Mesmo envolvidos com os estudos e com os preparativos para o enem, os alunos da Escola Estadual Augustinho Brandão, em Cocal dos Alves (PI) se entusiasmaram com as oficinas do Instituto Buriti e receberam o segundo módulo das atividades.
De acordo com a diretora da Escola, apesar de corrido, por conta dos estudos, os alunos se engajaram com o universo do cinema. “Eles gostaram muito e passaram a assistir mais filmes. Toda vez que tinham uma hora vaga assistiam alguma coisa”, conta.
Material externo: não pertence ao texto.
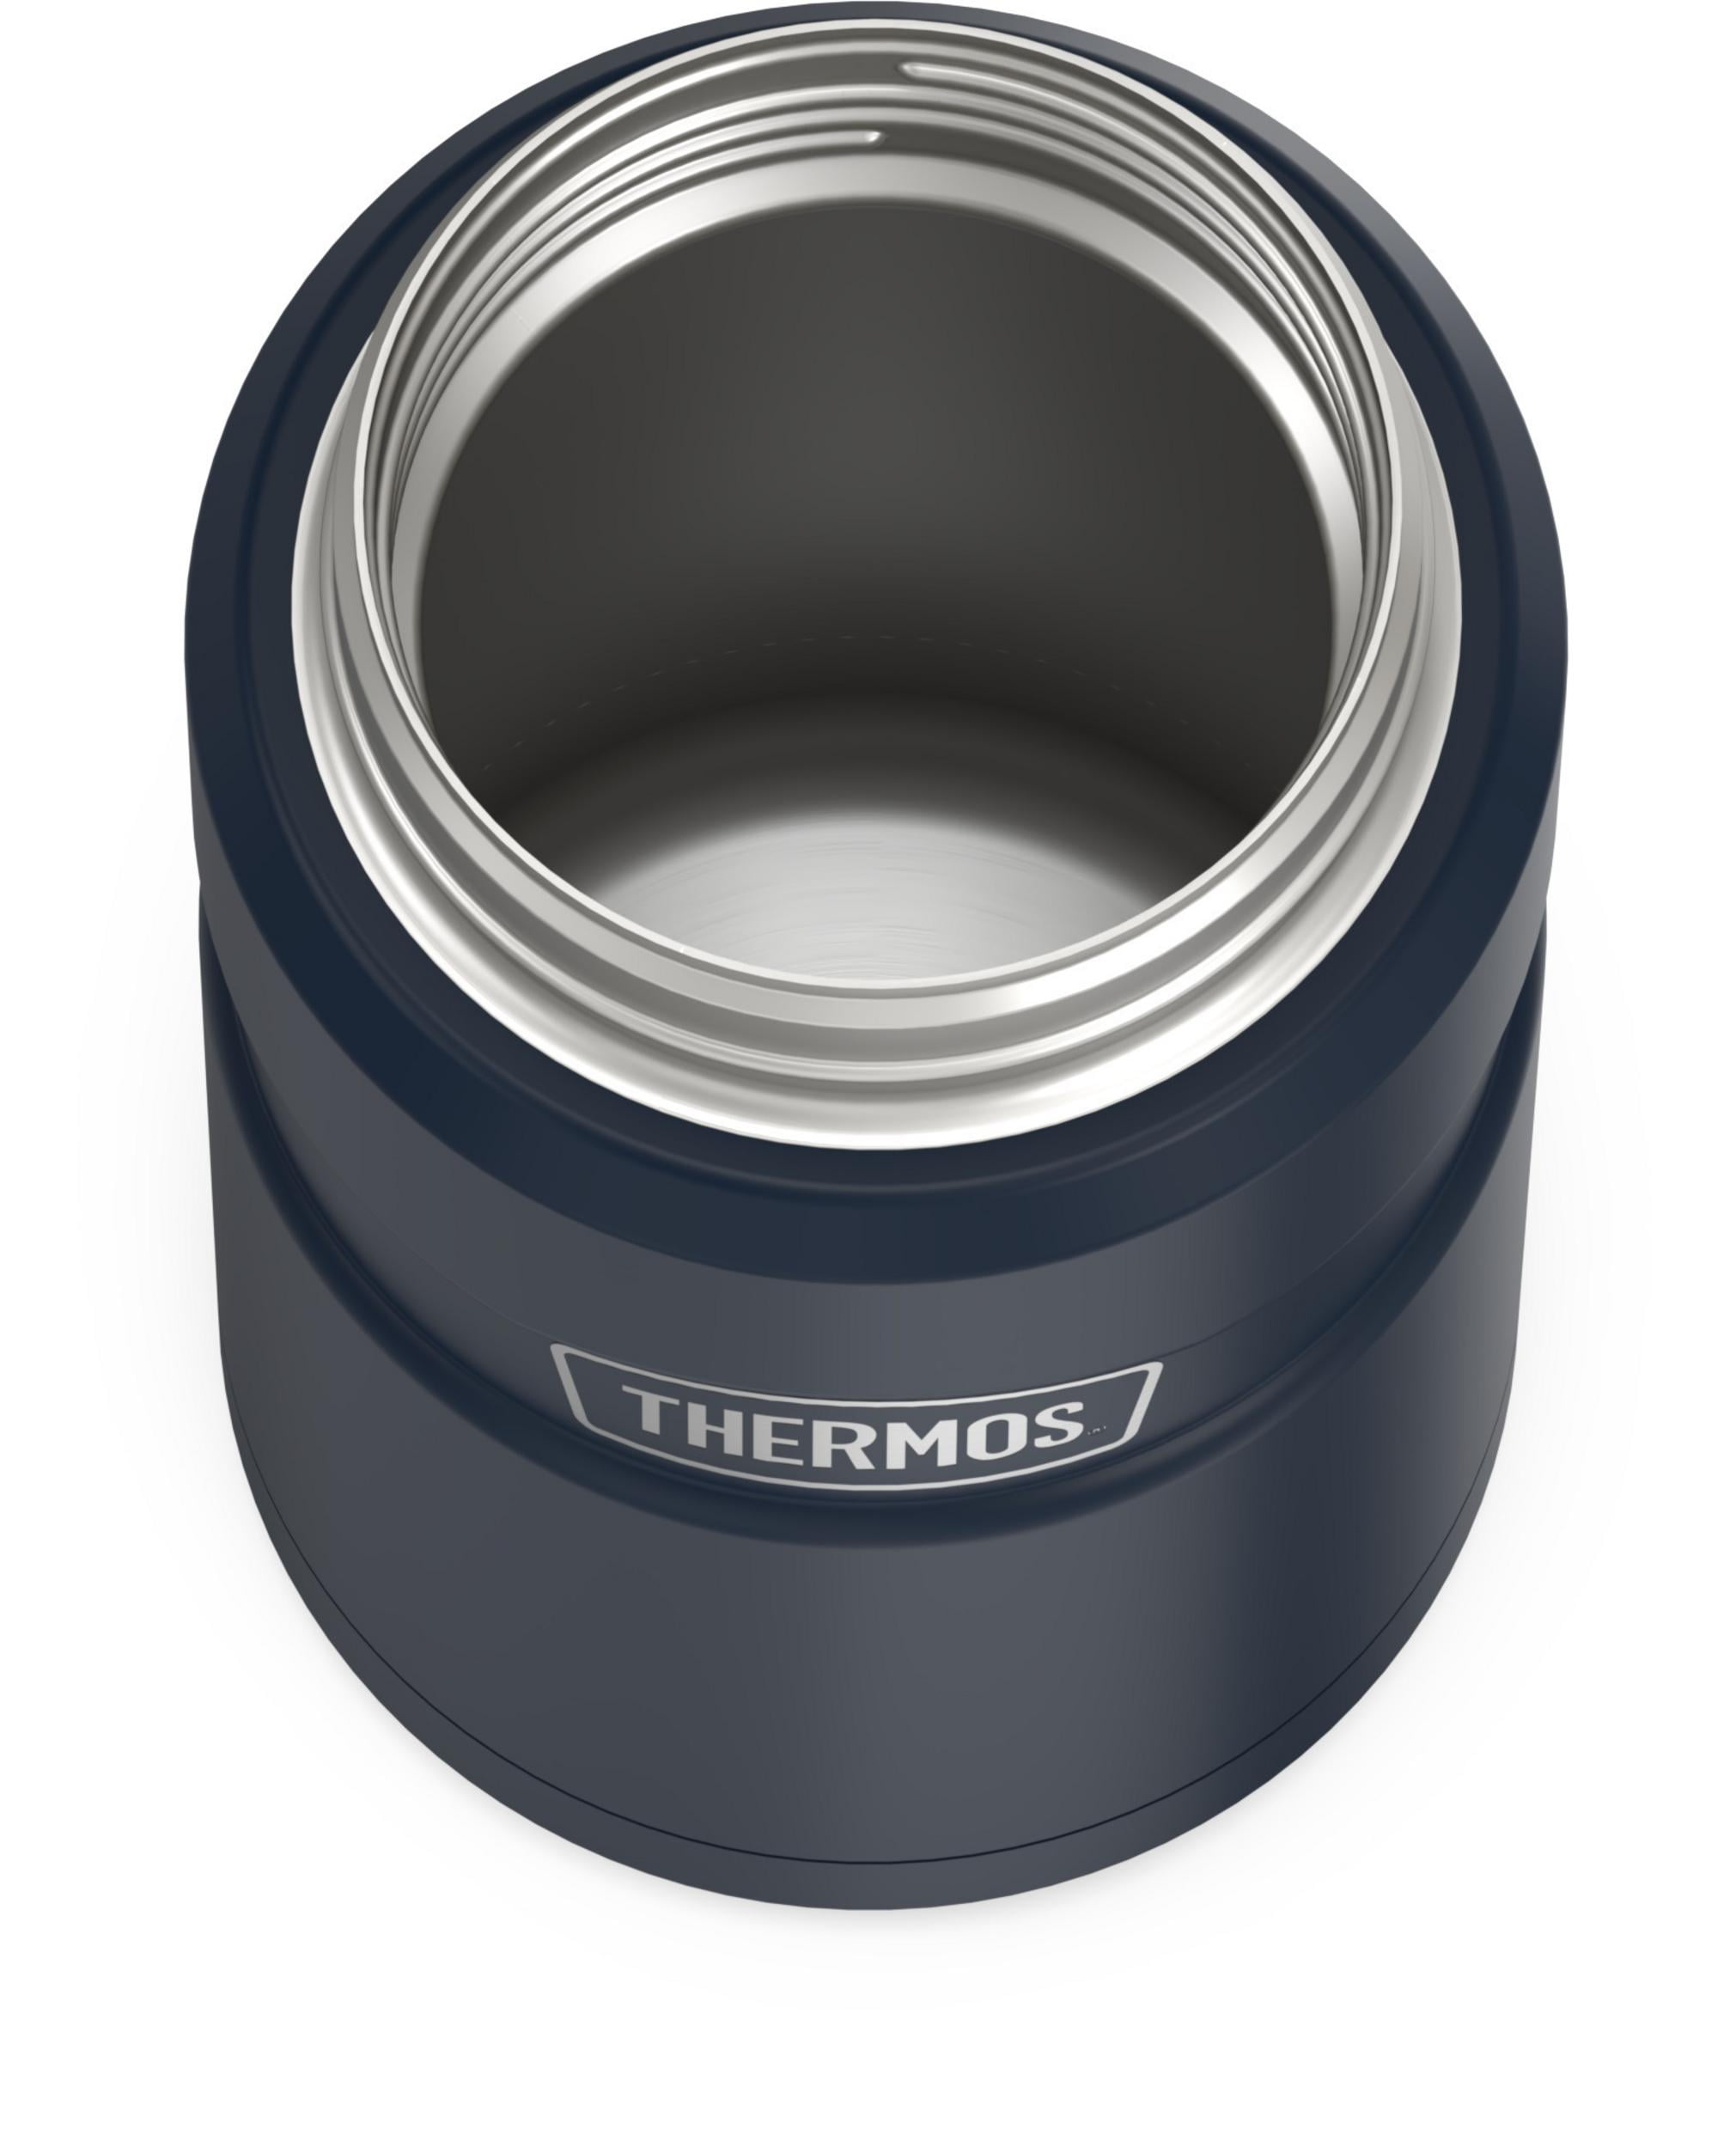 Thermos Stainless Steel Food Jar - Midnight Blue, 24 oz - Fry's Food Stores
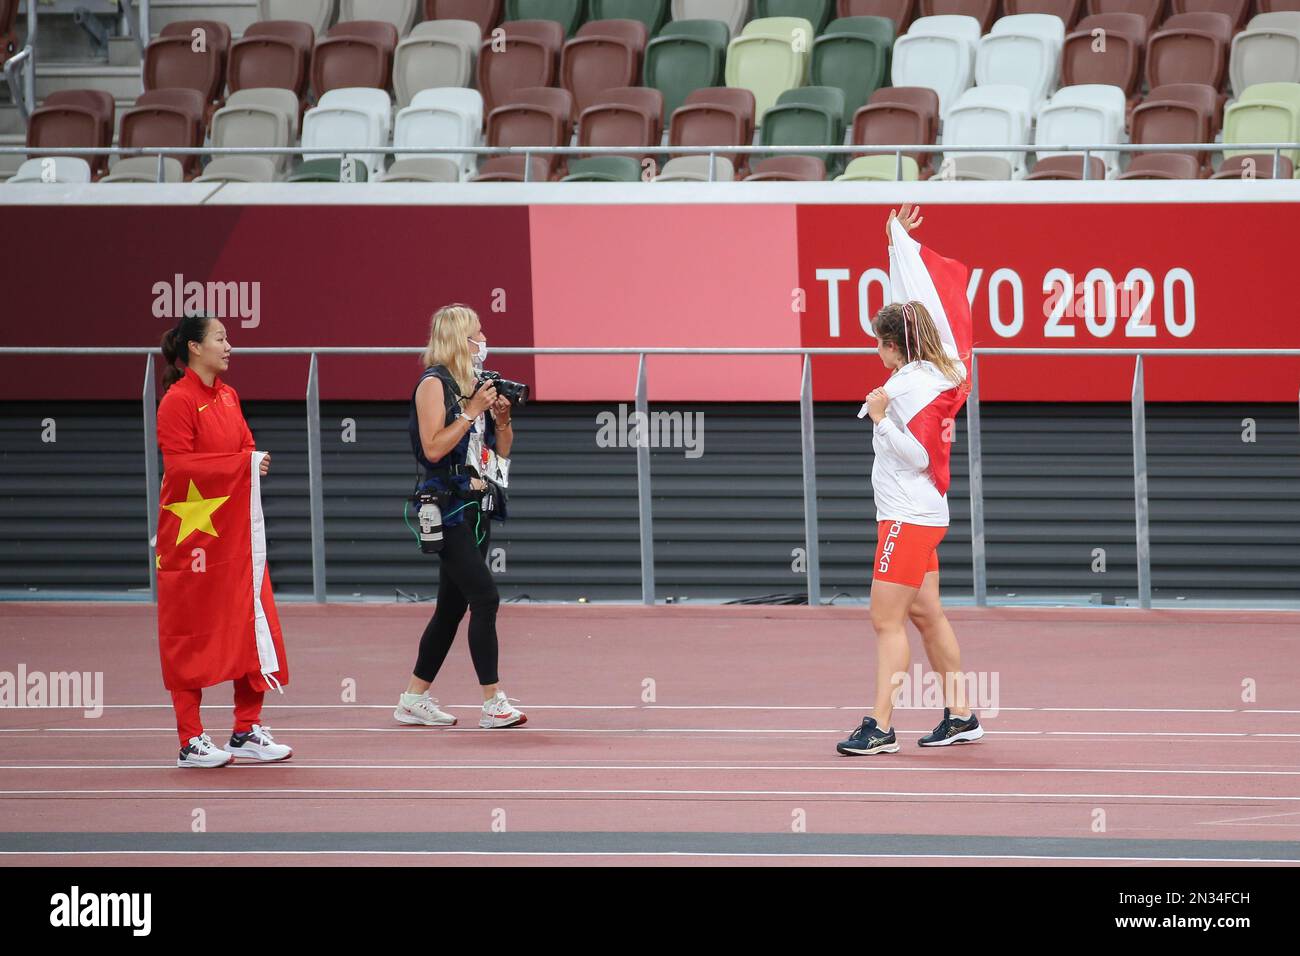 AUG 06, 2021 - Tokyo, Japan: LIU Shiying of China and Maria ANDREJCZYK of Poland win the gold and silver medals in the Athletics Women's Javelin Throw Stock Photo

As oficinas do Instituto Buriti foram importantes também para ensinar técnicas de produção e gravação de vídeos aos professores e alunos. A diretora conta que com as atividades realizadas pela equipe, os alunos aprenderam muito e que isso vai ser muito importante no final do ano letivo, quando os alunos produzem várias apresentações – como teatro, dança, filme – para a confraternização de final de ano com a comunidade. “Estávamos quase abolindo a parte de audiovisual, porque havia uma limitação técnica mesmo. Com as oficinas aprendemos muitas técnicas, aprendemos sobre montagem, como deixar o áudio ficar melhor. Vai nos ajudar bastante para o fim do ano”, afirma, empolgada.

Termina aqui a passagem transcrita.